The rupee has gone nowhere in the last couple of weeks. It is stuck in a narrow range between 64.70 and 65.22. It closed at 64.93 on Wednesday. Neither domestic macro economic data nor the strength in the US dollar managed to move the rupee.
On the domestic front, trade data was the only major data release in the past two weeks. Although the trade deficit narrowed to $10.48 billion in September from a deficit of $12.48 billion a month ago and $14.47 a year ago, fall in exports remains a worry. It is also over-shadowing the positive impact of the sharp fall in energy prices, that has dragged imports lower. India’s exports tumbled for the 10th consecutive month on a year-on-year (y-o-y) basis. Exports in September fell 24 per cent (y-o-y) to $21.85 billion. For the coming week, the Nikkei India Purchasing Managers’ Index (PMI) number on Monday is a key data to watch on the domestic front.
The rupee also remained insulated from the strong surge in the dollar. The European Central Bank hinting at a fresh stimulus made the dollar index (96.75) move above its important resistance at 96 in the past week. Whether the dollar will continue its surge or reverse lower will depend on the outcome of the US Federal Reserve meeting. The same could be a trigger to make the rupee move out of its current range too.
Rupee outlook The immediate outlook for the rupee is unclear. The currency will need to make a strong breakout on either side of its current 64.70-65.22 range to provide give us a clue about its intentions.
The presence of the 100-day moving average at 64.81 and the 21-week moving average at 64.77 forms a strong resistance level for the rupee around the upper end of the current range. This leaves open the danger of a decline below 65.22 in the coming days. Such a fall will take the rupee lower to 65.5 initially and then to 65.70 thereafter.
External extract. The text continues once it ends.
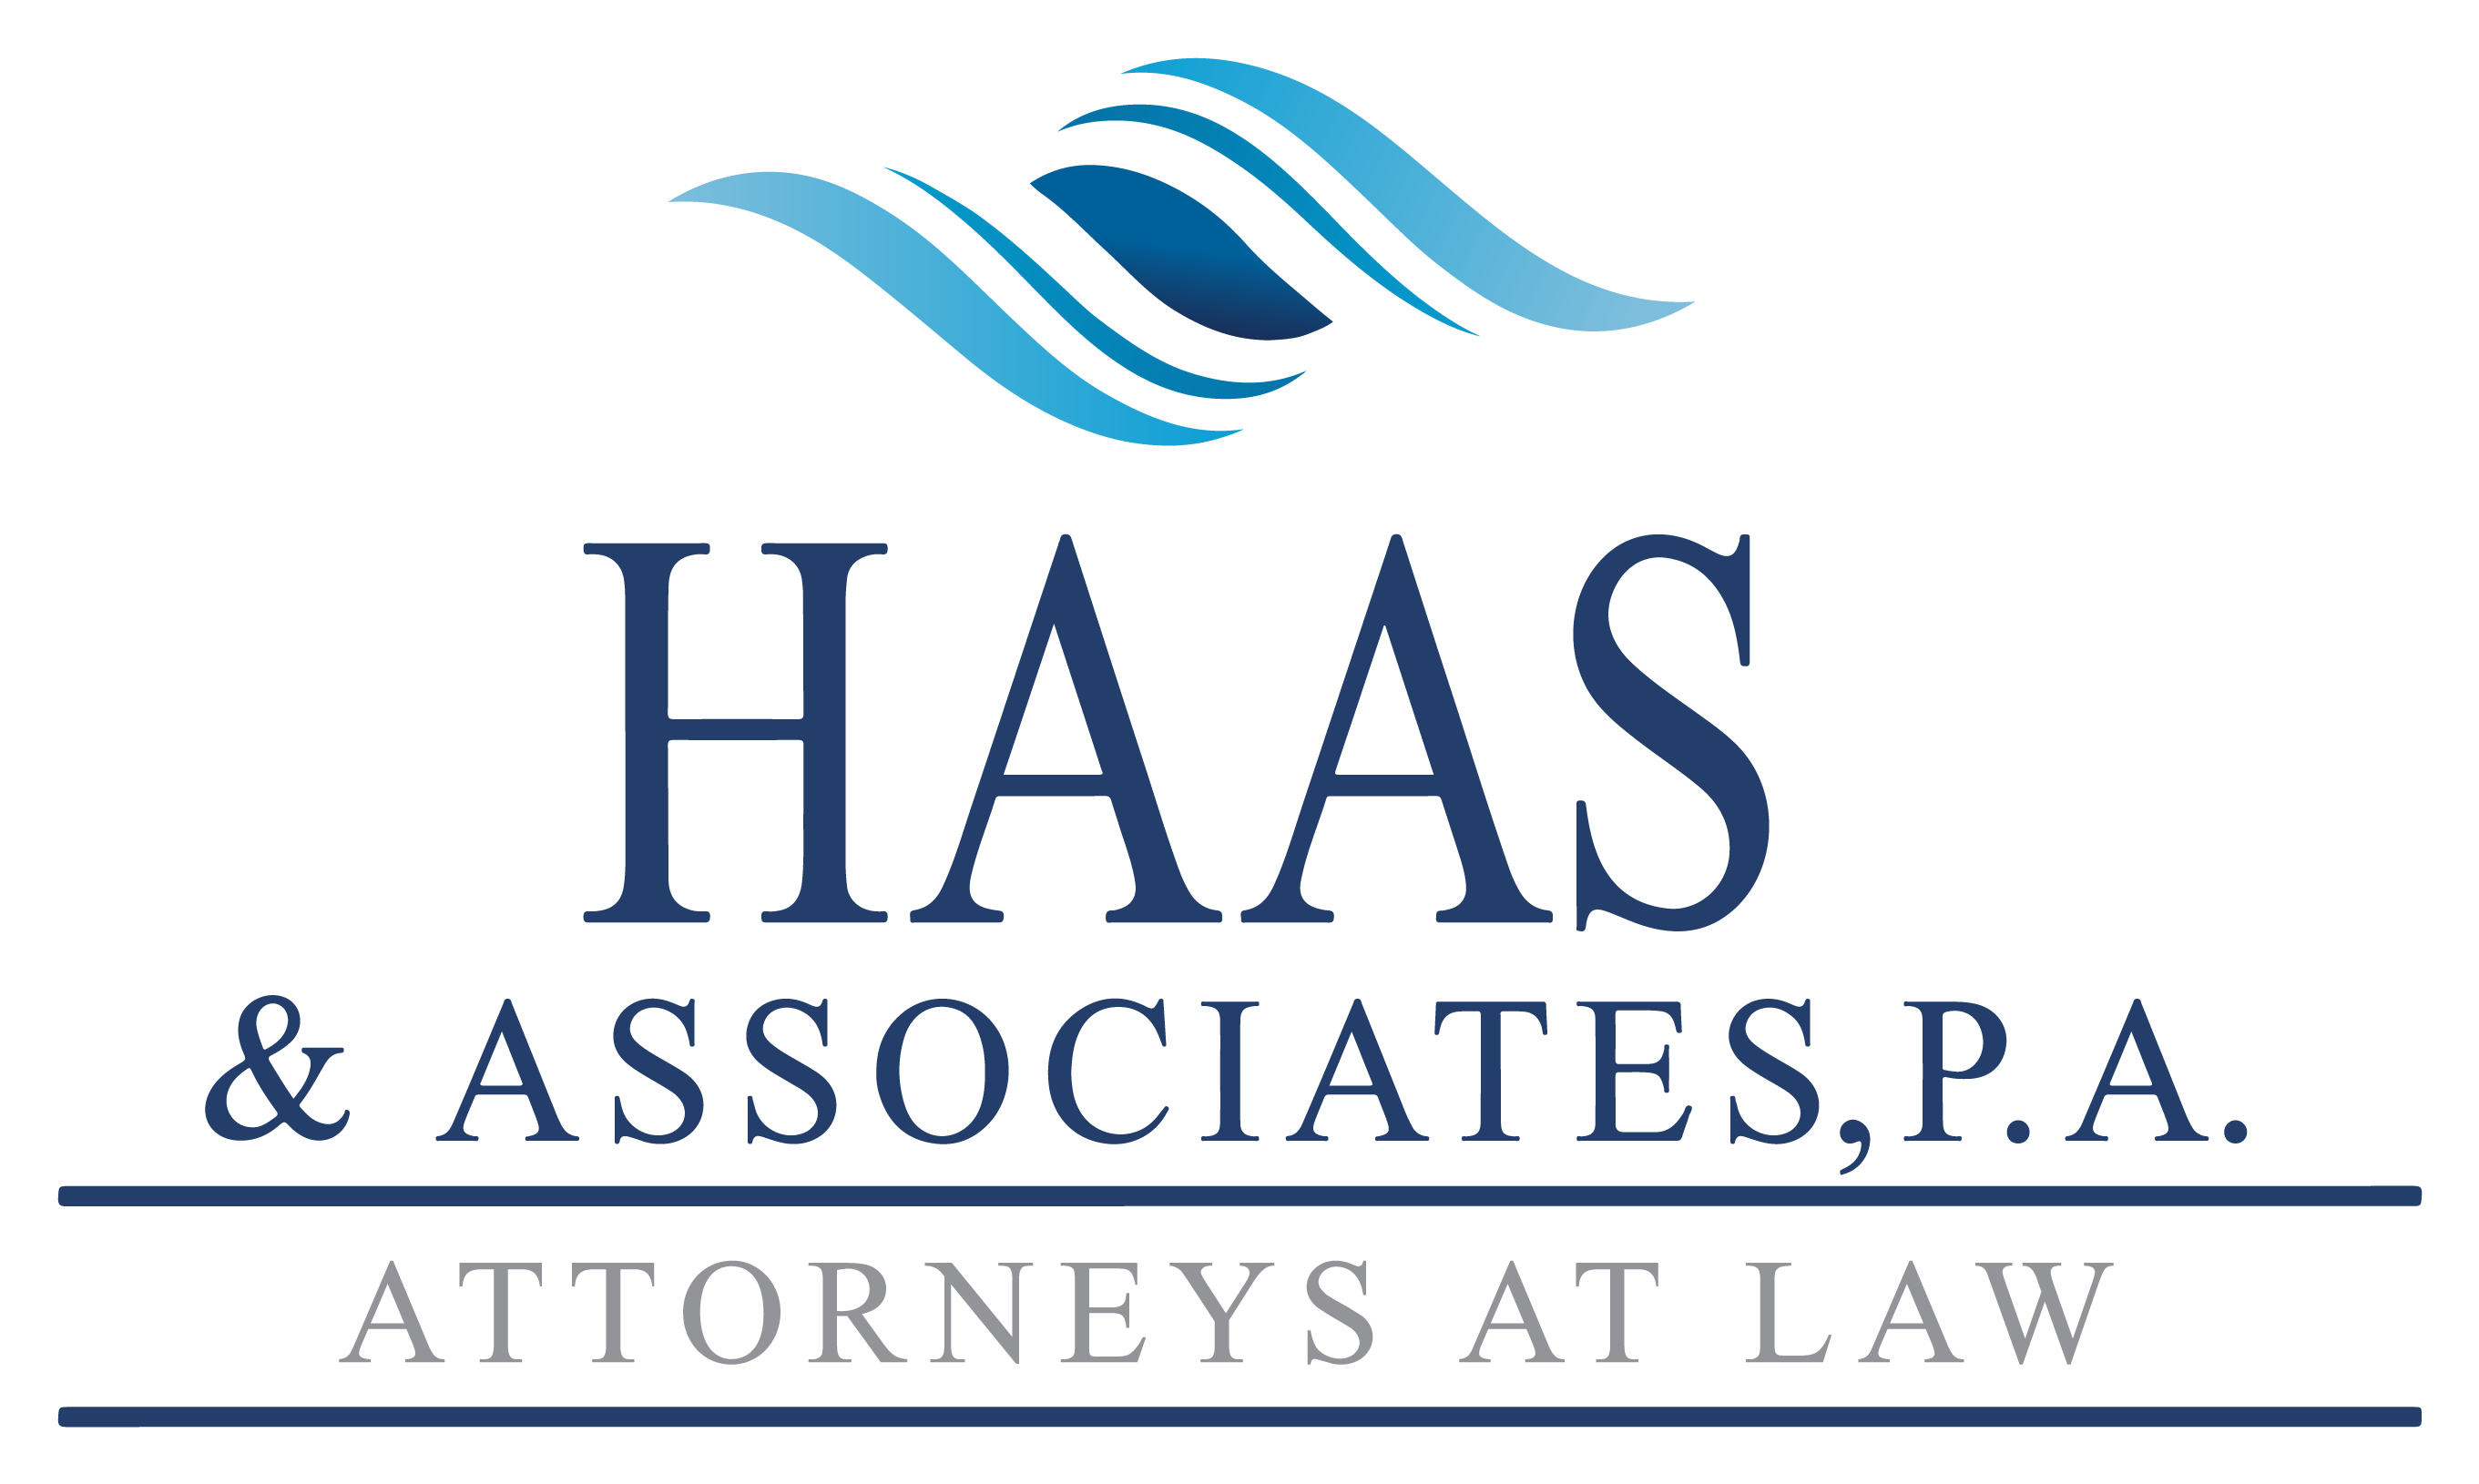 Haas & Associates, P.A.

On the other hand, the rupee will gain strength only if it manages to surpass the resistance at 64.70. On the charts, the chances of this happening appear bleak unless the US Federal Reserve hints at a rate cut only next year. The upside target for the short term on a break above 64.70 will be 64.50 and 64.30.
The upside could be capped at the key 64.00-63.80 medium-term resistance zone. A break above this resistance zone looks unlikely. A reversal from here will increase the danger of a revisit of 66 or lower levels over the medium term.